Global History from 1500
History 010, Spring 2013
Monday/Wednesday/Friday, 12:50–1:40
Lafayette L108
Professor: Andy Buchanan
Email: Andrew.Buchanan@uvm.edu
Office: Wheeler 303 Office hours: Mondays and Wednesdays 2:00-4:00, and by appointment Teaching Assistant: Matt Preedom
Email: mpreedom@uvm.edu
Office Hours: Mondays and Wednesdays 11:30-12:30 and by appointment
Office hours held in Wheeler 101
Objectives, Assigned Reading, and the “Blackboard” Website
This course will offer an overview of the main economic, social, military, political, and cultural developments that shaped the course of human history from the new era of global interconnectedness that began with the expansion of European trade and conquest in the fifteenth century, to the present day. In particular, we’ll be looking at the successive rise of systems of imperial domination from the Spanish empire in the Americas, to the British Empire, and the global hegemony of the United States. How did peoples of Africa, Asia, and the Americas seek to resist this domination, and how successful were they? What part have social revolutions—from the British, American, and French in the seventeenth and eighteenth centuries to the Russian, Chinese, and Cuban in the twentieth, played in world history? Can we identify patterns in these events?

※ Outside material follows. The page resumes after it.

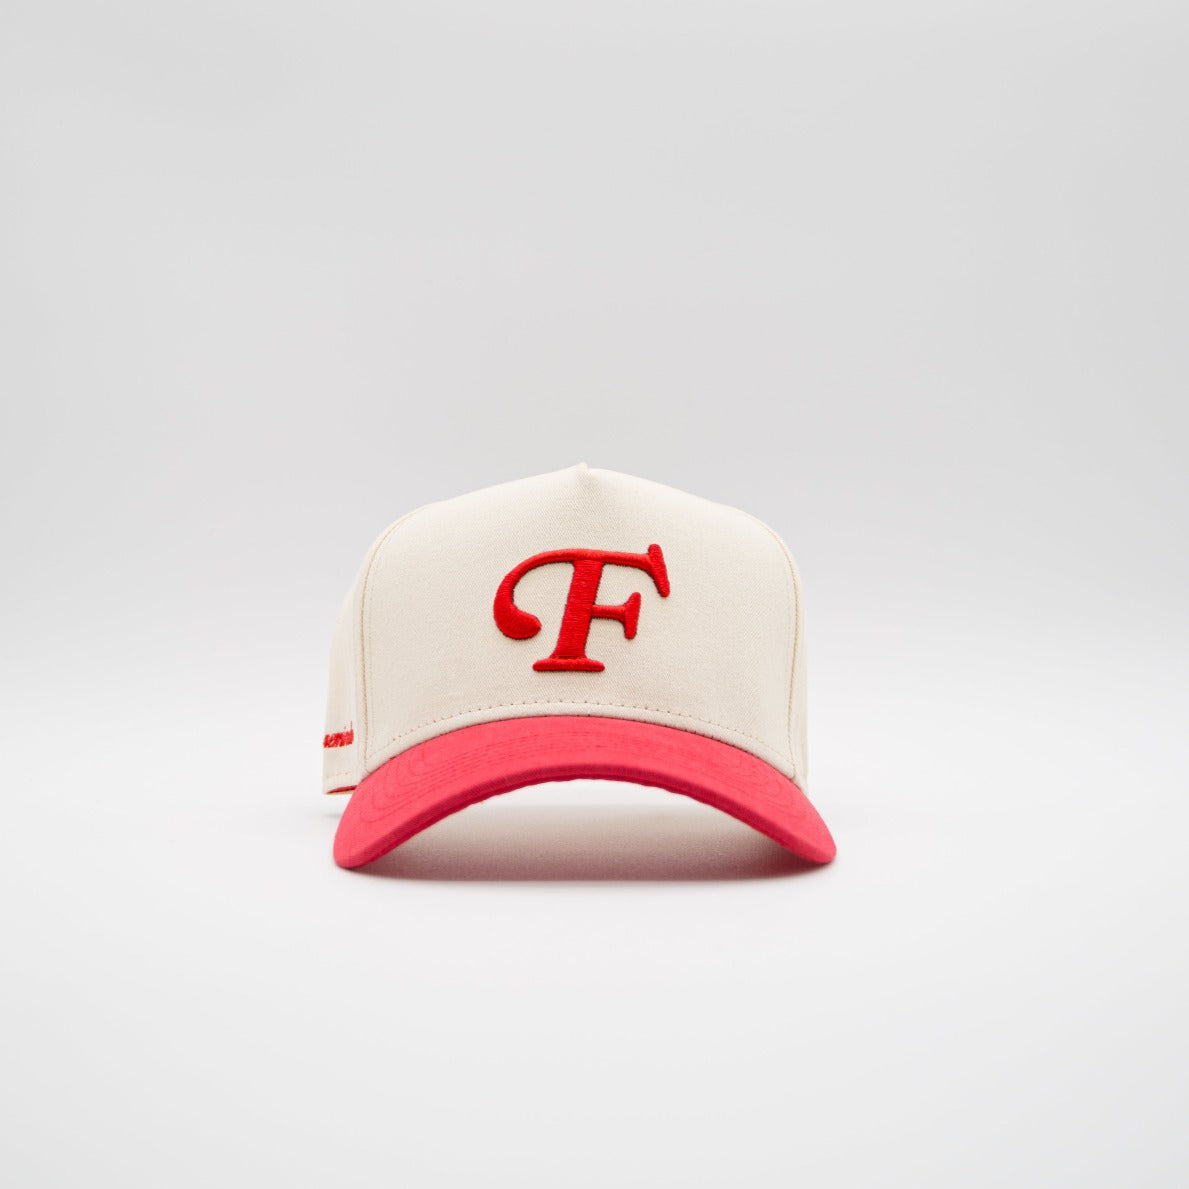 "F" Cap - Red/Cream

The course will include both lectures and classroom discussions. Classes will be based on assigned readings from the textbook, The Earth and Its Peoples and from “primary” sources—that’s to say contemporary documents, letters, cultural products, and other material—collected in The Human Record. Other material will also be made available on the Blackboard academic website during the semester.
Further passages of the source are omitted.